Topical 5-fluorouracil cream is useful in 50% cases but patient tolerance is low as the cream causes ulceration. In frail elderly patients palliative care and even palliative surgery is very important as the late stages of vulval carcinoma have serious morbidity.
Surgery, radiation therapy and chemotherapy are the main treatment options, and are typically used in various combinations.

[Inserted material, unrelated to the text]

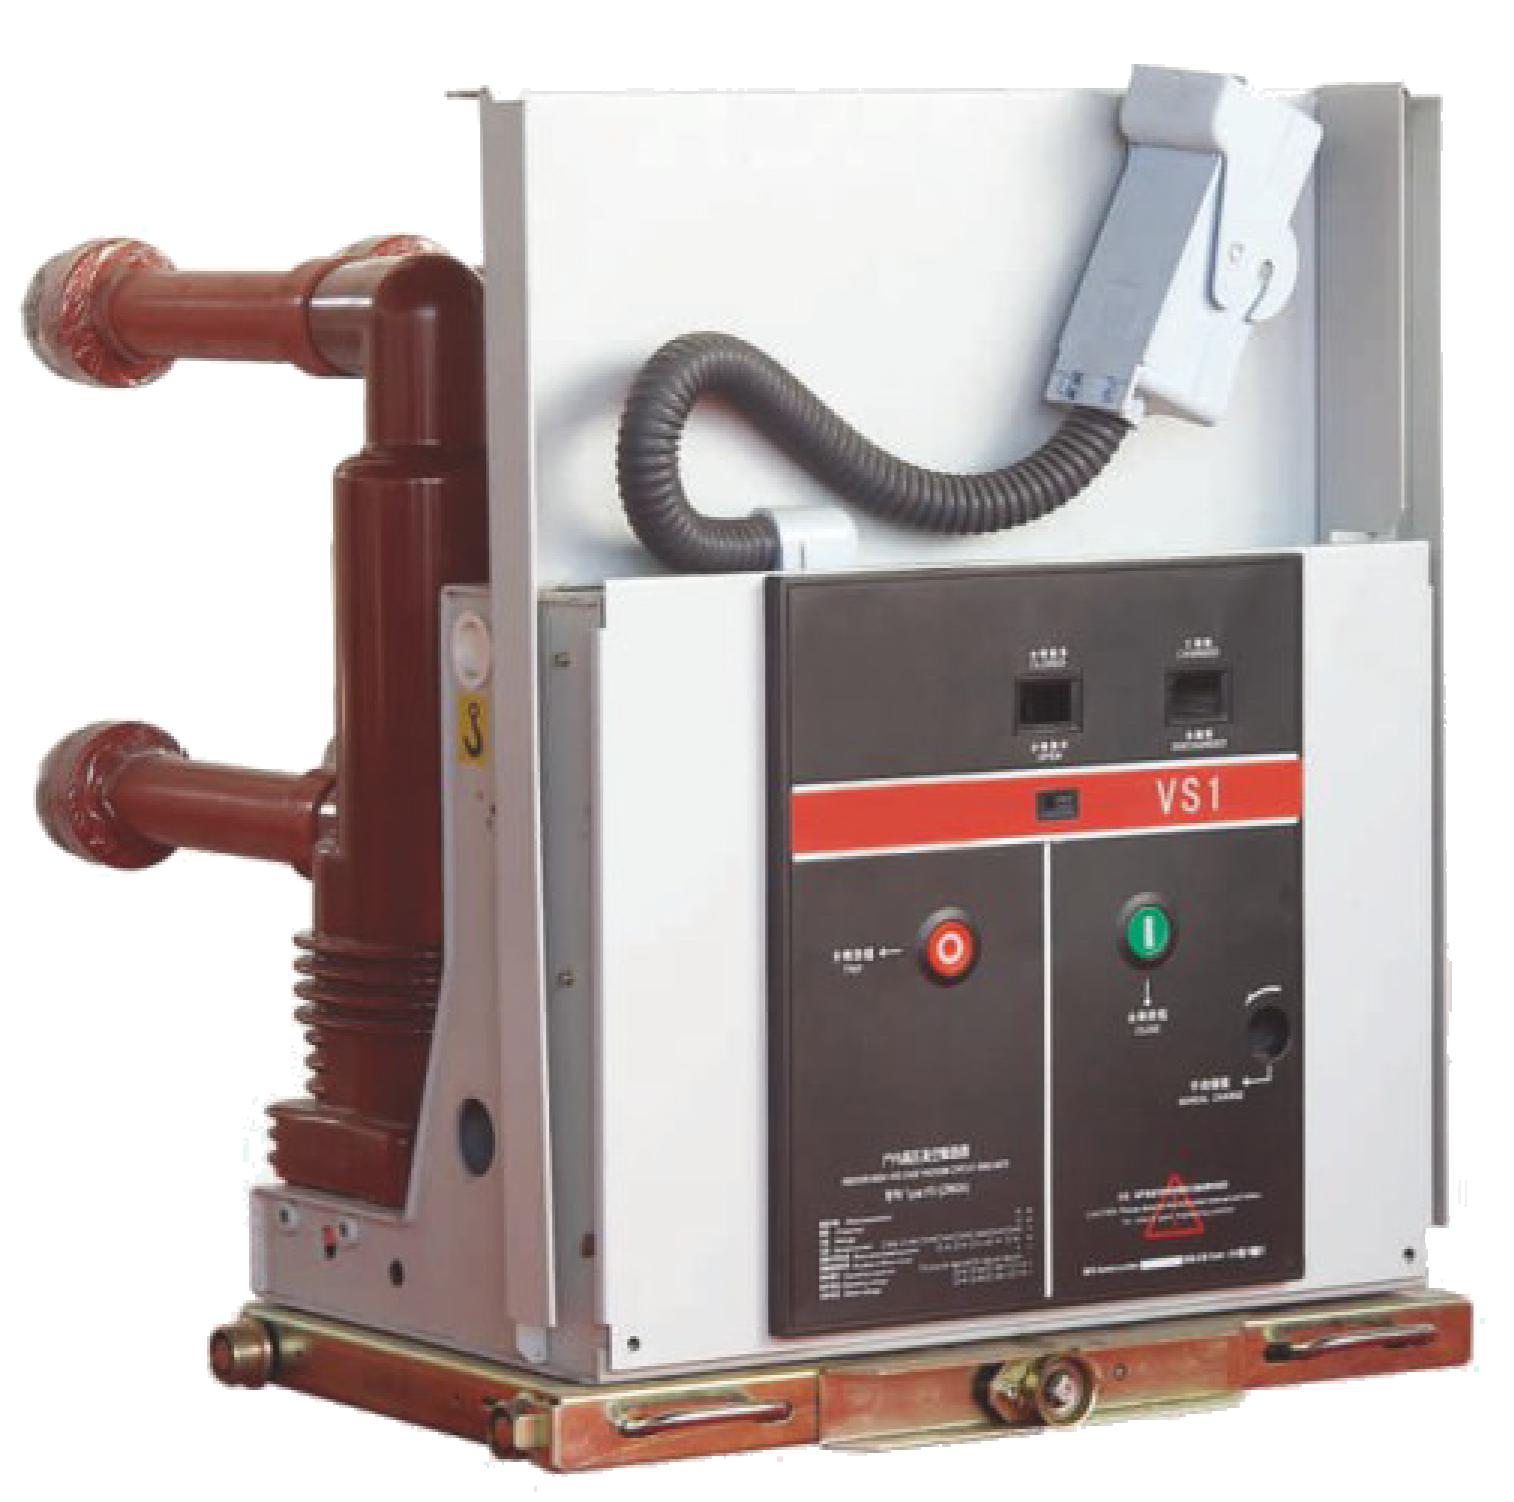 ZN63(VS1)-12户内高固封式真空断路器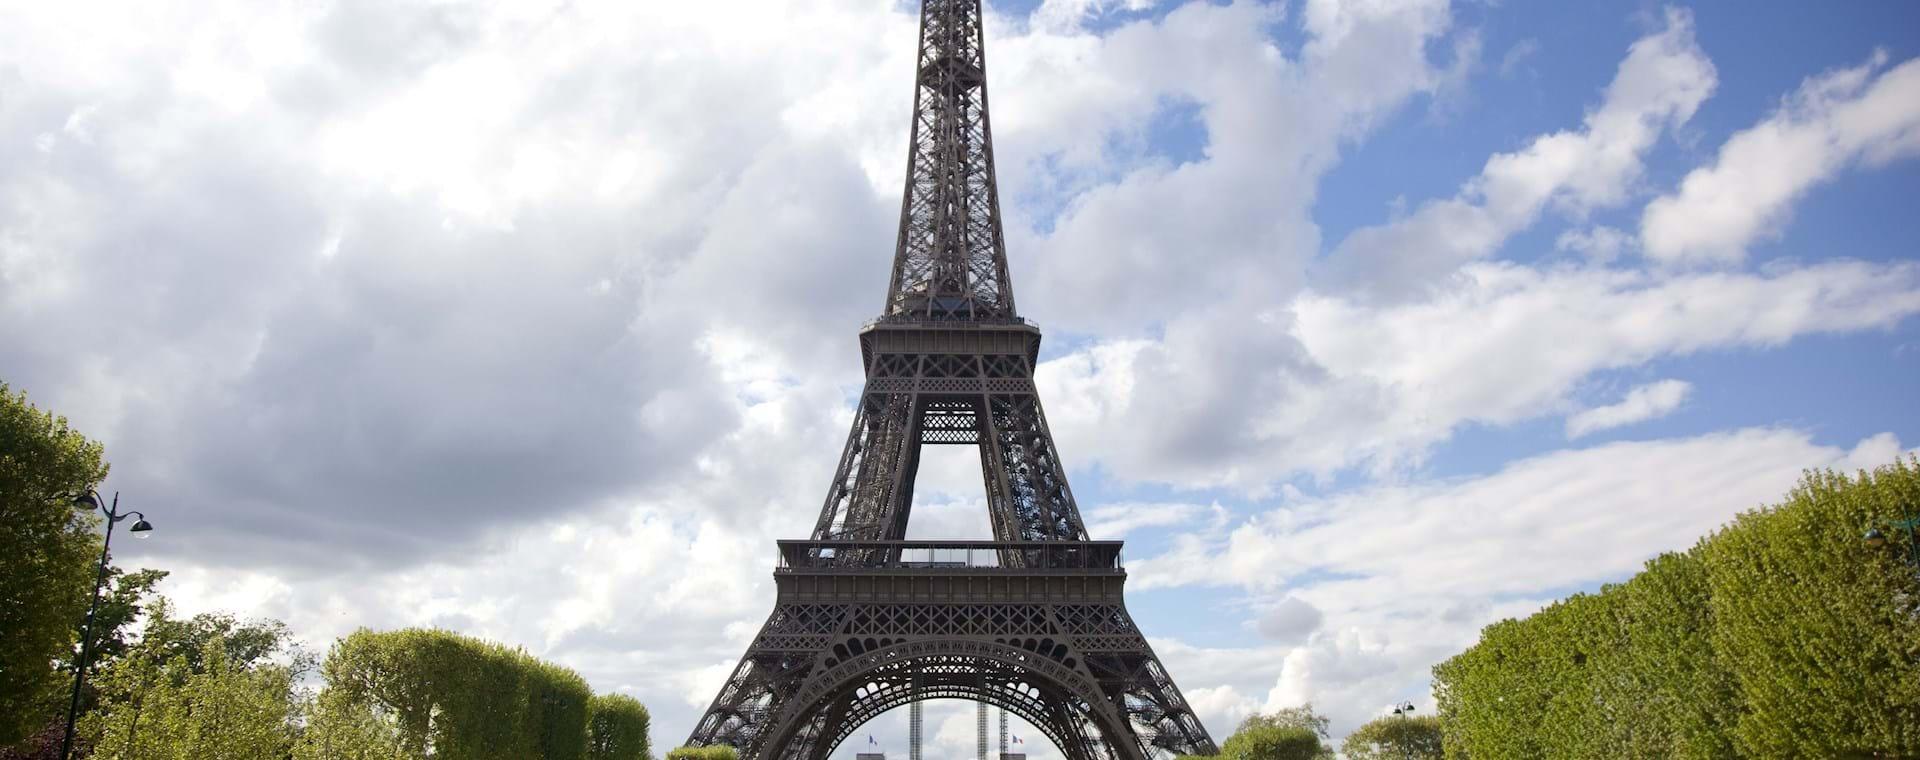 Eiffel Tower Tour & Seine River Cruise

As with many cancers, the optimal treatment depends on the disease stage and patient factors such as age and other medical conditions.
Treatment options by stage are as follows:
Stage 0
Wide local excision, laser surgery, or a combination of both
Skinning vulvectomy
Chemotherapy ointment
Stage I
Wide local excision
Radical local excision with removal of all nearby groin/ upper thigh lymph nodes
Radical vulvectomy and removal of nearby groin lymph nodes (and sometimes lymph nodes on opposite side of the body)
Radiation therapy alone (in selected patients)
Stage II
Radical vulvectomy and removal of groin lymph nodes on both sides of the body, plus postoperative radiation therapy to the pelvis if lymph nodes are positive for cancer
Radiation therapy alone (in selected patients)
Stage III
Radical vulvectomy and removal of groin/ upper thigh lymph nodes on both sides of the body, plus postoperative radiation therapy to the pelvis and groin if lymph nodes are positive for cancer or if the primary vulvar tumor is very large
Radiation therapy and chemotherapy, followed by radical vulvectomy and removal of lymph node removal of lymph nodes on both sides of the body.
Radiation therapy (in selected patients) with or without chemotherapy.
Stage IV
Pelvic exenteration, which entails radical vulvectomy and removal of the lower colon, rectum, or bladder (depending on where the cancer has spread), as well as the uterus, cervix, and vagina
Radical vulvectomy followed by radiation therapy
Radiation therapy followed by radical vulvectomy
Radiation therapy (in selected patients) with or without chemotherapy, and possibly following surgery
Complications
Wound breakdown (necrosis) and infection are common problems.
Chronic lymphoedema of lower limbs occurs due to node dissection in ~ 20%.
Prognosis
In early stage disease, when lymph nodes are not involved, the overall 5-year survival rate is 90%.
Once cancer has spread to the lymph nodes, the overall 5-year survival rate drops to 50% - 70%.